Waeber Bernard
Division of Clinical Pathophysiology, University Hospital, Lausanne, Switzerland.
J Hypertens Suppl. 2006 May;24(3):S19-27. doi: 10.1097/01.hjh.0000229465.09610.b6.
Pharmacological treatment of hypertension represents a cost-effective way of preventing cardiovascular and renal complications. To benefit maximally from antihypertensive treatment, blood pressure should be brought to below 140/90 mmHg in every hypertensive patient, and even lower (< 130/80 mmHg) if diabetes or renal disease co-exists. Such targets cannot usually be reached using monotherapies. This is especially true in patients who present with a high cardiovascular risk. The co-administration of two agents acting by different mechanisms considerably increases the blood pressure control rate. Such combinations are not only efficacious, but are also well tolerated, and some fixed low-dose combinations even have a placebo-like tolerability. This is the case for the preparation containing the angiotensin-converting enzyme inhibitor perindopril (2 mg) and the diuretic indapamide (0.625 mg), a fixed low-dose combination that has been shown in controlled trials to be more effective than monotherapies in reducing albuminuria, regressing cardiac hypertrophy and improving the stiffness of large arteries. Using this combination to initiate antihypertensive therapy has been shown in a double-blind trial (Strategies of Treatment in Hypertension: Evaluation; STRATHE) to normalize blood pressure (< 140/90 mmHg) in significantly more patients (62%) than a sequential monotherapy approach based on atenolol, losartan and amlodipine (49%) and a stepped-care strategy based on valsartan and hydrochlorothiazide (47%), with no difference between the three arm groups in terms of tolerability. An ongoing randomized trial (Action in Diabetes and Vascular Disease: Preterax and Diamicron Modified Release Controlled Evaluation; ADVANCE) is a study with a 2 x 2 factorial design assessing the effects of the fixed-dose perindopril-indapamide combination and of the intensive gliclazide modified release-based glucose control regimen in type 2 diabetic patients, with or without hypertension. A total of 11 140 patients were randomly selected. Within the first 6 weeks of treatment (run-in phase), the perindopril-indapamide combination lowered blood pressure from 145/81 +/- 22/11 mmHg (mean +/- SD) to 137/78 +/- 20/10 mmHg. Fixed-dose combinations are becoming more and more popular for the management of hypertension, and are even proposed by hypertension guidelines as a first-line option to treat hypertensive patients.
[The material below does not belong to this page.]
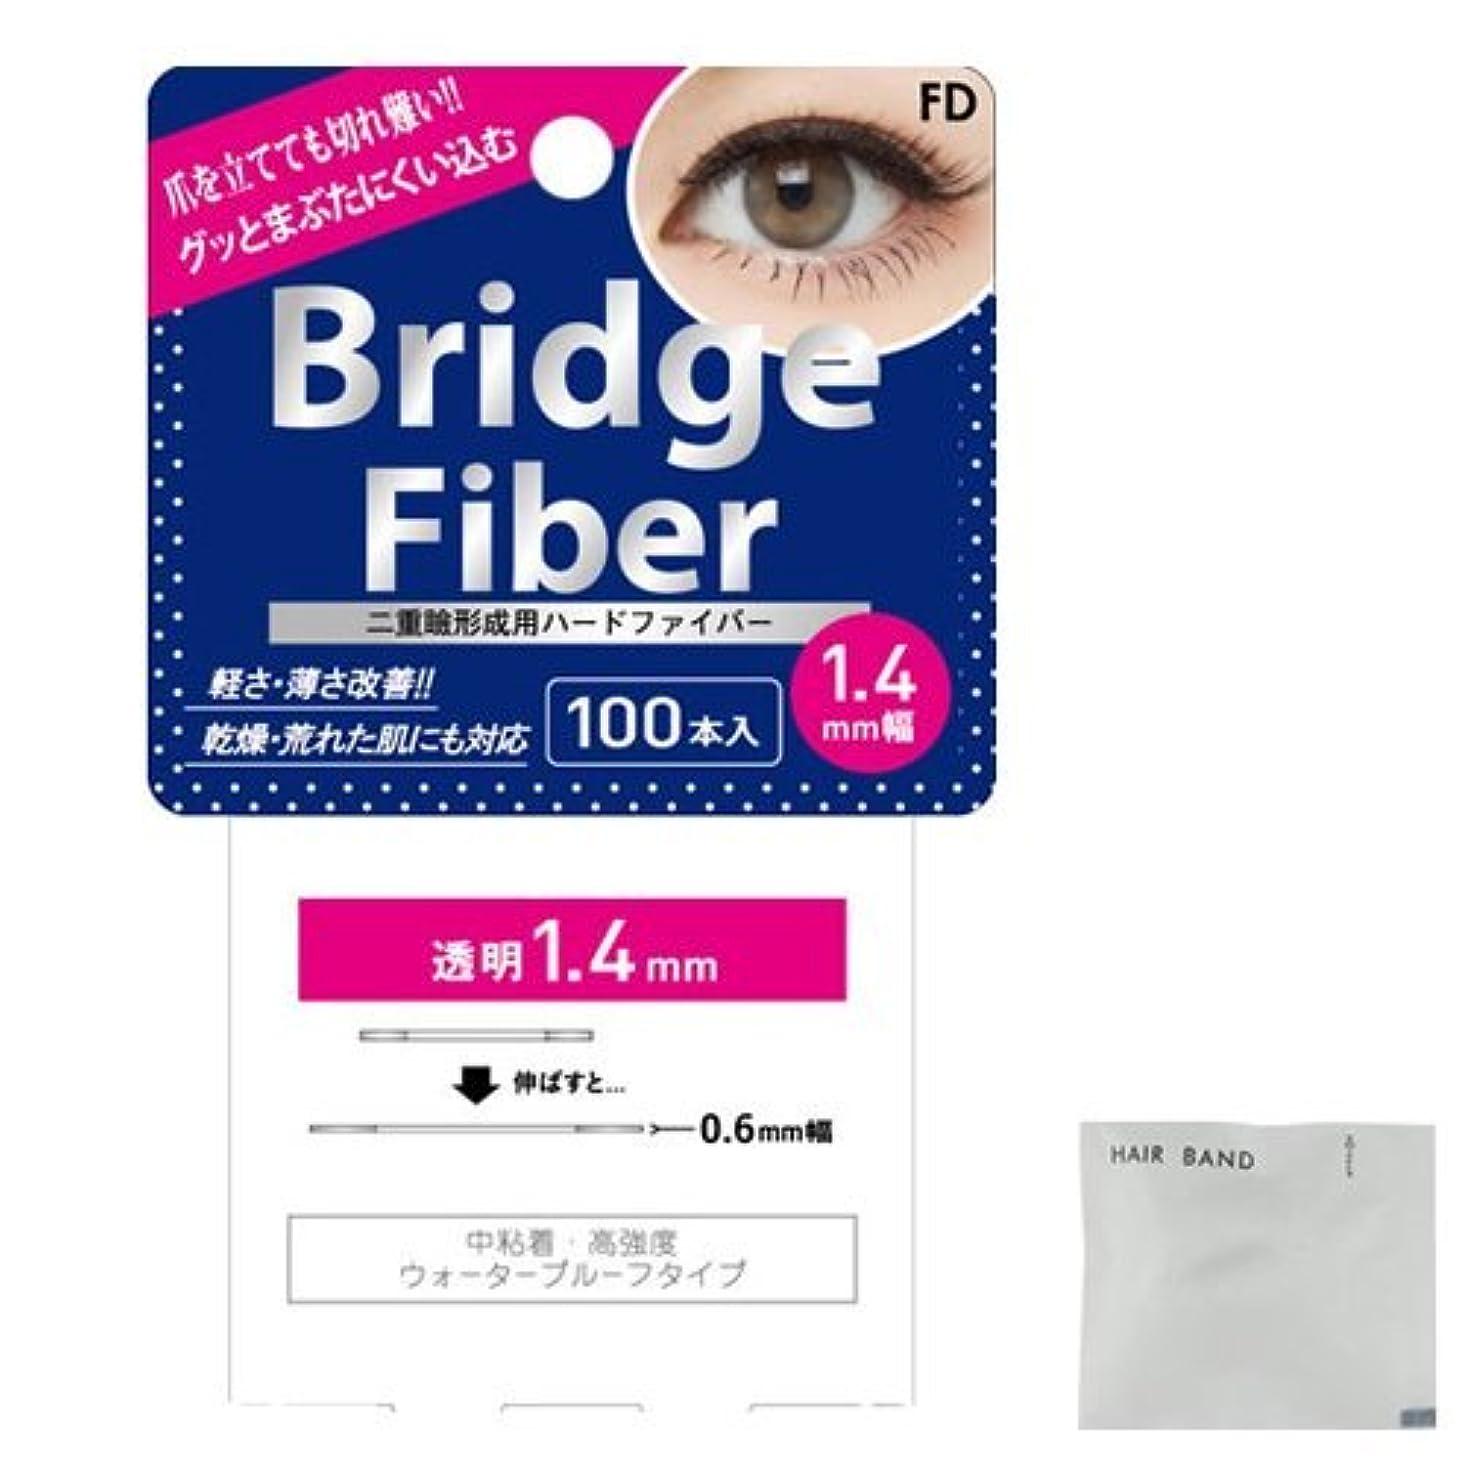 耳痛みぼんやりしたFD ブリッジファイバーⅡ (Bridge Fiber) クリア1.4mm + ヘアゴム(カラーはおまかせ)セット

高血压的药物治疗是预防心血管和肾脏并发症的一种经济有效的方法。为了从降压治疗中获得最大益处,每位高血压患者的血压应降至140/90 mmHg以下;若同时患有糖尿病或肾脏疾病,则血压应降至更低水平(<130/80 mmHg)。通常单一疗法无法达到这些目标。对于心血管风险较高的患者尤其如此。联合使用两种作用机制不同的药物可显著提高血压控制率。这种联合不仅有效,而且耐受性良好,一些固定低剂量复方制剂甚至具有类似安慰剂的耐受性。含有血管紧张素转换酶抑制剂培哚普利(2 mg)和利尿剂吲达帕胺(0.625 mg)的制剂就是如此,这一固定低剂量复方制剂在对照试验中已显示出在降低蛋白尿、使心脏肥大消退以及改善大动脉僵硬度方面比单一疗法更有效。在一项双盲试验(高血压治疗策略:评估;STRATHE)中,与基于阿替洛尔、氯沙坦和氨氯地平的序贯单一疗法(49%)以及基于缬沙坦和氢氯噻嗪的阶梯式治疗策略(47%)相比,使用这种联合疗法起始降压治疗能使更多患者(62%)的血压恢复正常(<140/90 mmHg),三组在耐受性方面无差异。一项正在进行的随机试验(糖尿病和血管疾病行动:培哚普利吲达帕胺复方制剂与达美康缓释片对照评估;ADVANCE)是一项采用2×2析因设计的研究,评估固定剂量培哚普利 - 吲达帕胺复方制剂以及强化的基于格列齐特缓释片的血糖控制方案对伴有或不伴有高血压的2型糖尿病患者的影响。总共随机选取了11140名患者。在治疗的前6周(导入期),培哚普利 - 吲达帕胺复方制剂使血压从145/81±22/11 mmHg(均值±标准差)降至137/78±20/10 mmHg。固定剂量复方制剂在高血压管理中越来越受欢迎,甚至被高血压指南推荐为治疗高血压患者的一线选择。